Зала была наполнена множествомъ слушателей. Всѣ, кто не видѣлъ Эдгара Поэ со времени его бѣдственнаго положенія, теперь толпою спешили насладиться зрѣлищемъ славы своего соотечественника. Такой блистательный пріемъ наполнилъ сердце поэта давно незнакомою ему радостію. Въ немъ пробудилась весьма извинительная и такъ сказать заслуженная гордость. Онъ былъ такъ очарованъ, что хотѣлъ решительно поселиться въ Ричмондѣ. Пронесся слухъ, что будто онъ хочетъ вступить во второй бракъ. Всѣ взоры обратились на одну молодую вдову, которая была столько же красива, какъ богата; предположеніе казалось тѣмъ болѣе основательнымъ, что Поэ когда-то питалъ къ ней довольно сильную страсть, и даже подозрѣвали, что эта дама была оригиналомъ его Леноры. Между-тѣмъ, ему необходимо было на нѣкоторое время отправиться въ Нью-Іоркъ, чтобы выпустить новое изданіе своихъ повѣстей. Болѣе всего его подстрекало къ этому путешествію приглашеніе одного богатаго господина, просившаго его исправить стихотворенія его жены, написать къ нимъ примѣчанія, предисловіе и т. п.
Поэ выѣхалъ изъ Ричмонда; но въ-самомъ началѣ дороги сталъ жаловаться на лихорадку и слабость. Чувствуя себя все хуже, онъ прибылъ въ Бальтиморъ, и для подкрѣпленія силъ рѣшился принять небольшое количество алькооля. Уже много мѣсяцевъ прошло съ того времени, какъ Поэ решительно не прикасался къ спиртуознымъ напиткамъ, но этого новаго пріема было довольно, чтобы пробудить въ немъ усыпленнаго демона. Одинъ день невоздержанія воскресилъ въ немъ мучительные приступы delirium tremens, его стараго знакомца. Въ одно утро полиція подняла его на улицѣ, безъ чувствъ.
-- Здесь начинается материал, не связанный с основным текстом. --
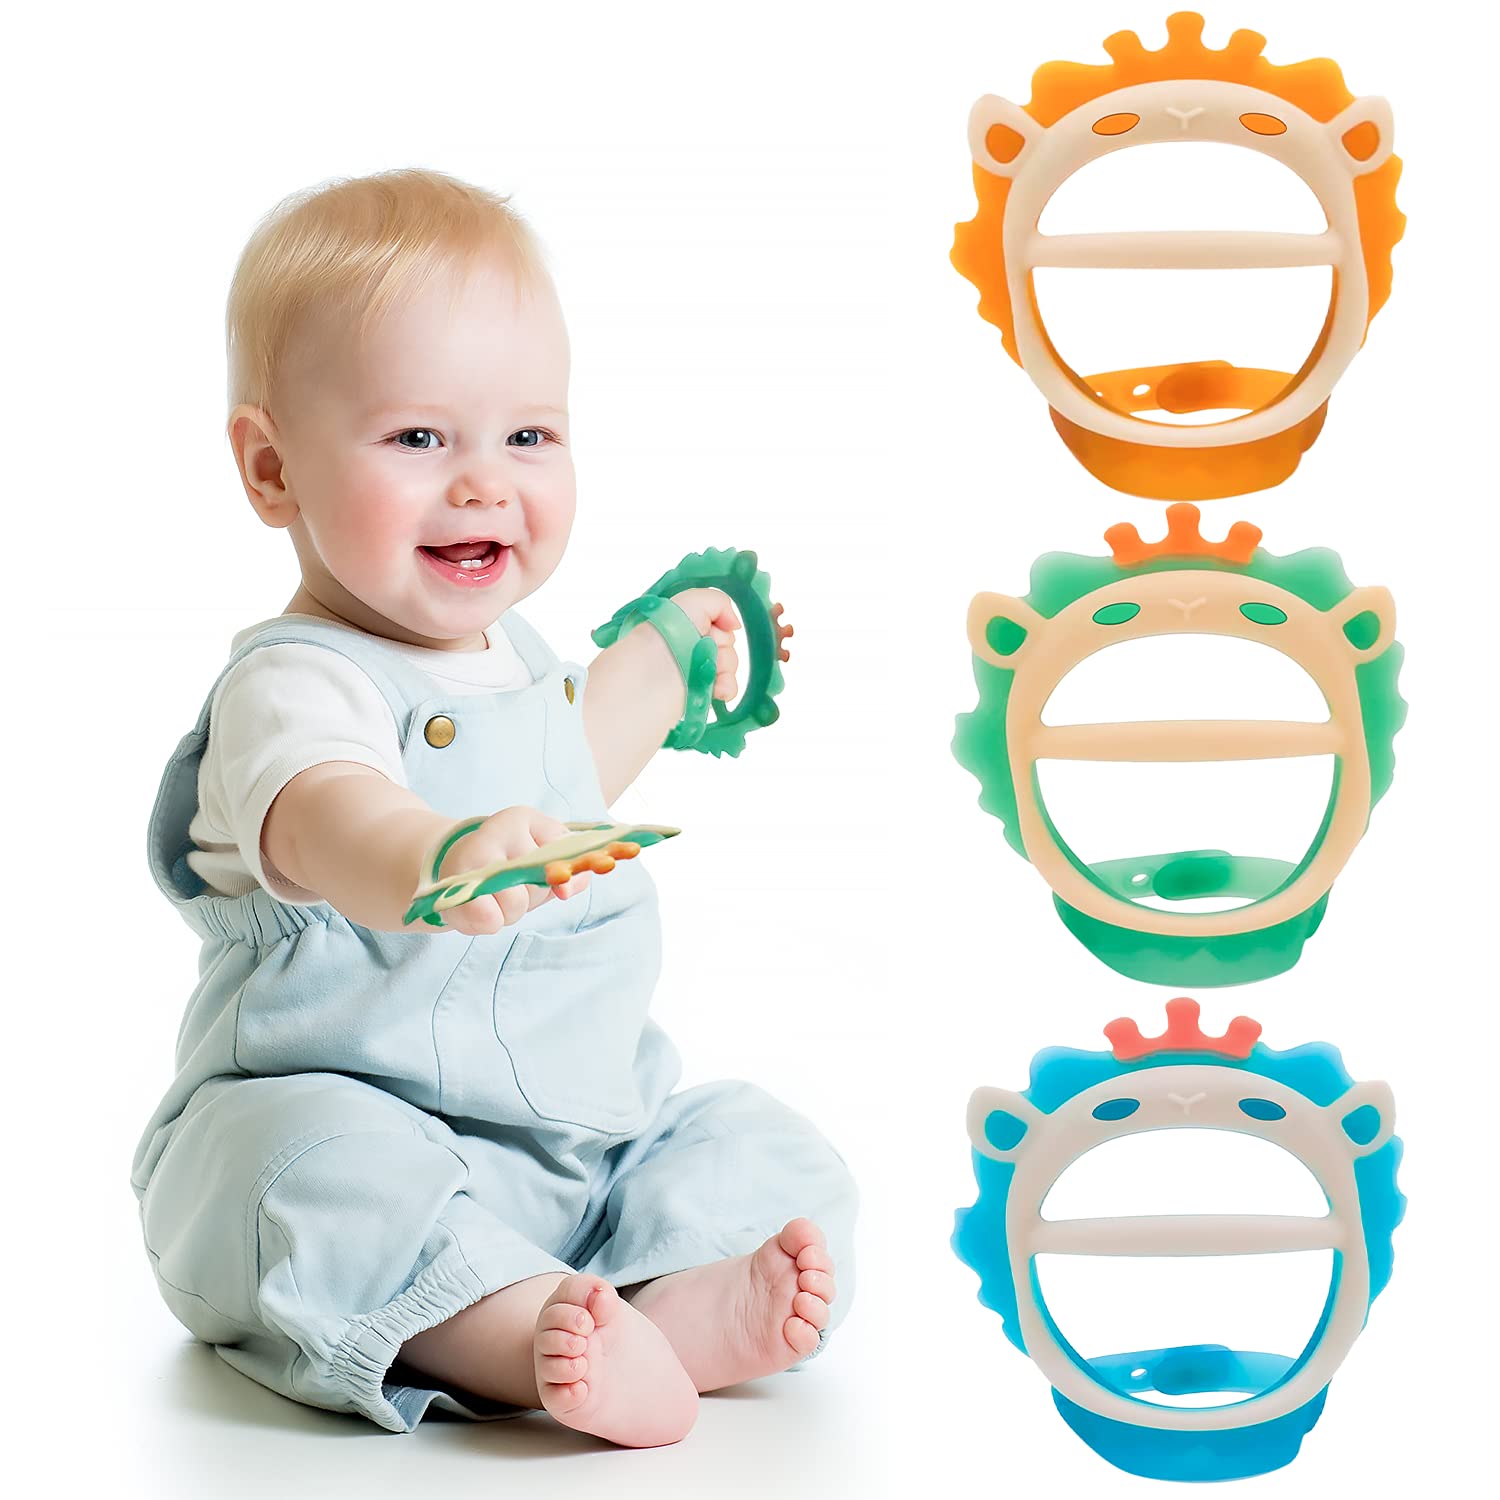 Baby Teething Toys for 0-6 and 6-12 Months Teethers 3packs for Infants, BPA-Free, Eco-Friendly Non-Toxic Silicone, Adjustable Wristband Chew Natural teethers for Babies

Такъ какъ у него не было ни денегъ, ни друзей, ни жилища, то его отнесли въ госпиталь, и тамъ-то окончилъ дни свои авторъ «Черной кошки» и «Ейреки», 7-го октября 1849 года, на тридцать седьмомъ году жизни.
Послѣ Эдгара Поэ изо всей его родни осталась только одна сестра его, которая живетъ въ Ричмондѣ. Какъ намъ извѣстно жена его умерла нѣсколько ранѣе, и они вовсе не имѣли дѣтей. Ея фамилія была Клеммъ и она даже была дальнею родственницею своего мужа. Мать ея пламенно любила Поэ. Она не оставляла его въ самыя трудныя минуты жизни и его преждевременная кончина поразила ее несказанною горестію: узы соединявшія ихъ души не расторглись смертію дочери. Такая преданность, такая благородная привязанность, такое постоянство дѣлаетъ честь самому Эдгару Поэ. Конечно, только добродѣтельный человѣкъ, и человѣкъ исполненный очарованія по умственнымъ своимъ достоинствамъ, могъ заслужить такую привязанность.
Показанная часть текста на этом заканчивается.